* **Required action**
Take the material below and output exactly the run of lines from the one containing "Alpha pattern #7536 pattern" down to the one containing "Mary Law Private", with both included.

#### Records supplied ####

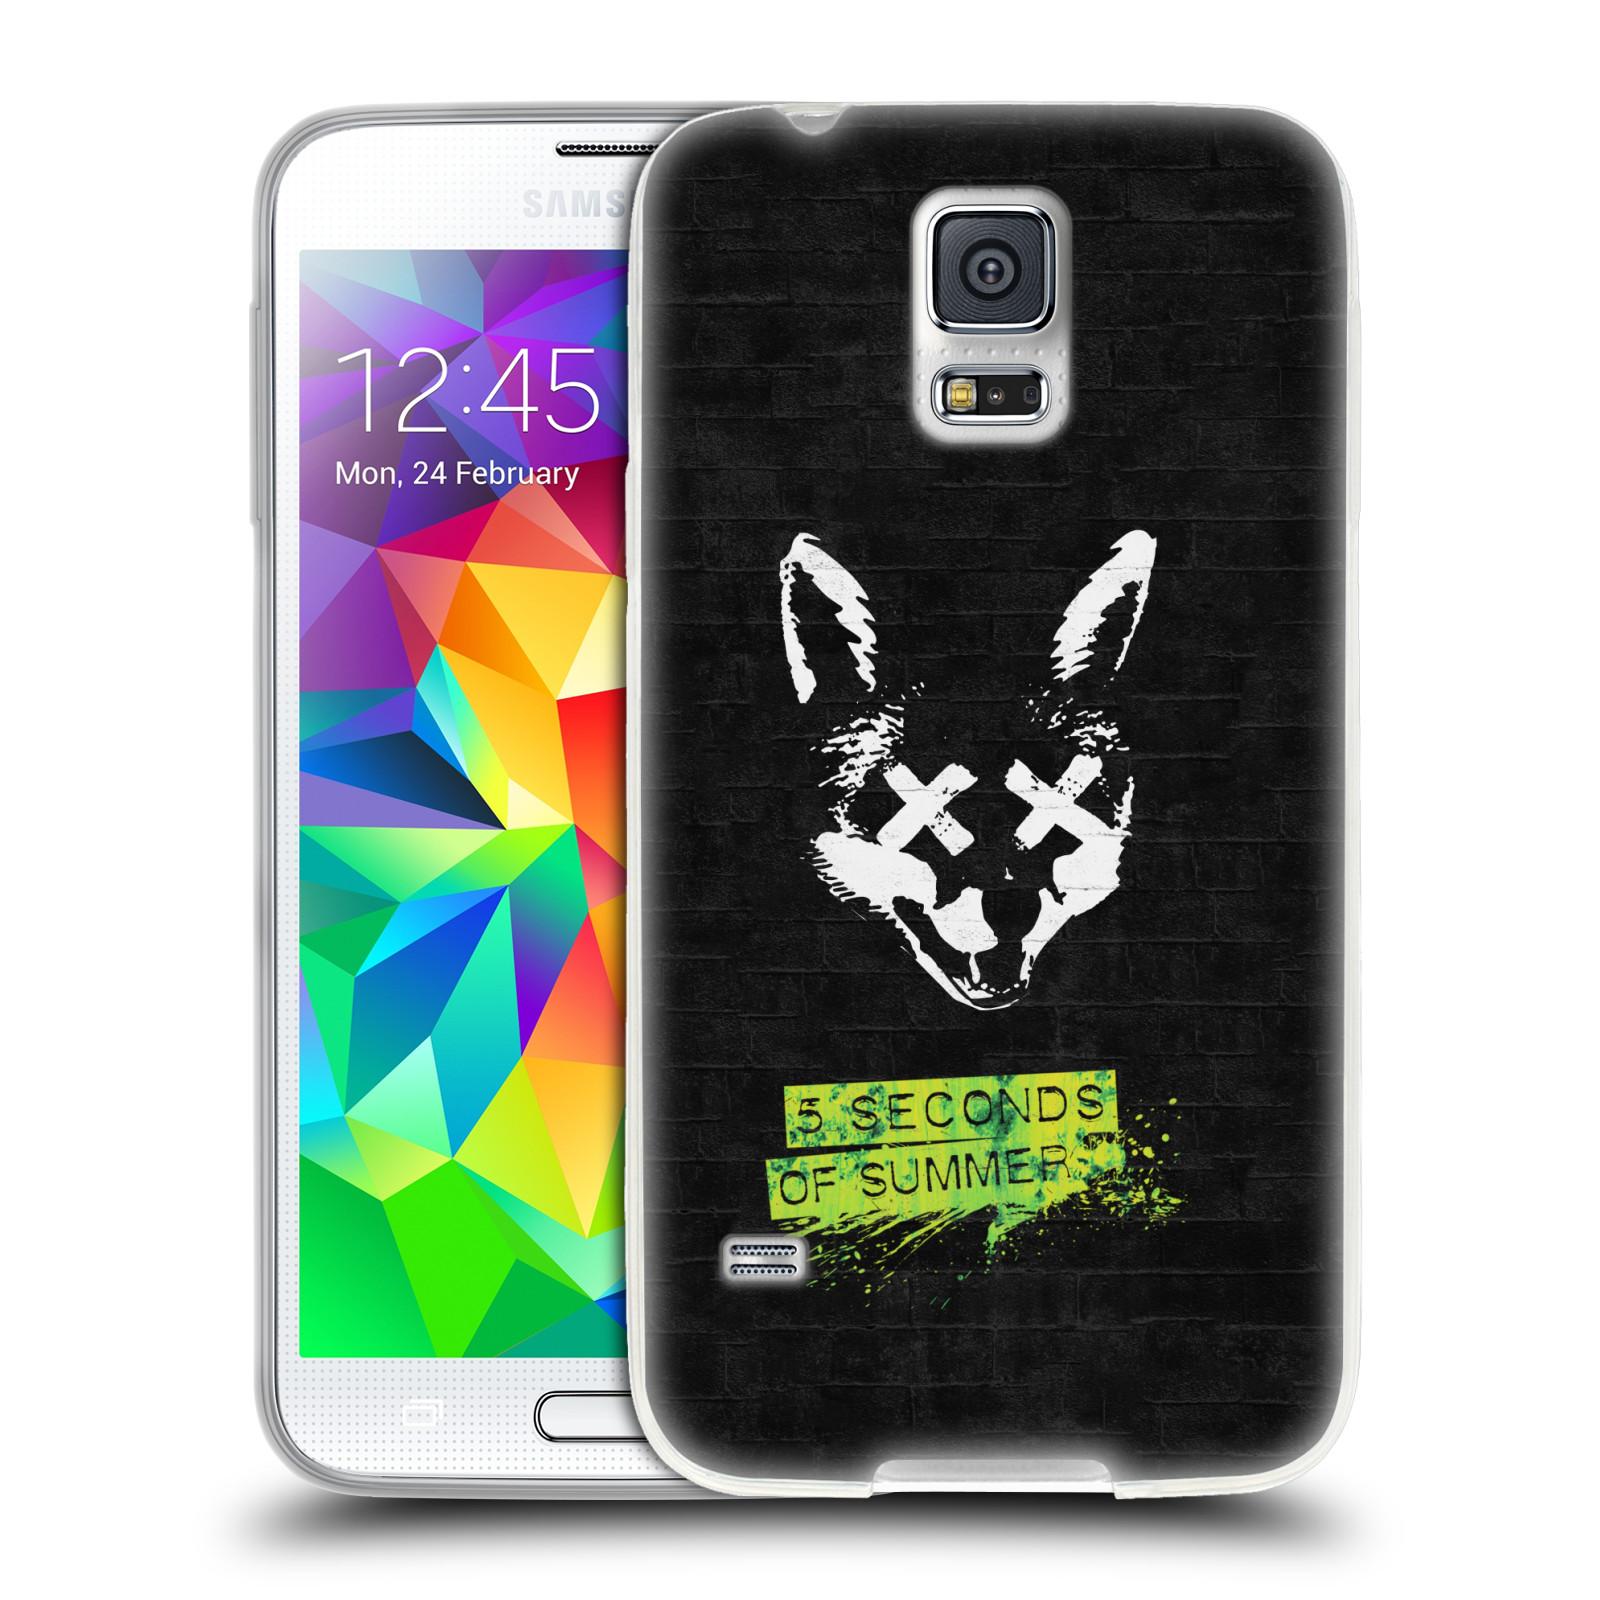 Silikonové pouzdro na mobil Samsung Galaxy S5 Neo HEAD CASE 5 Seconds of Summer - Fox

####
#### Records supplied ####

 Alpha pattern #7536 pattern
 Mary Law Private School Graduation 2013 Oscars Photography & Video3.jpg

####

* **Written answer**
 Alpha pattern #7536 pattern
 Mary Law Private School Graduation 2013 Oscars Photography & Video3.jpg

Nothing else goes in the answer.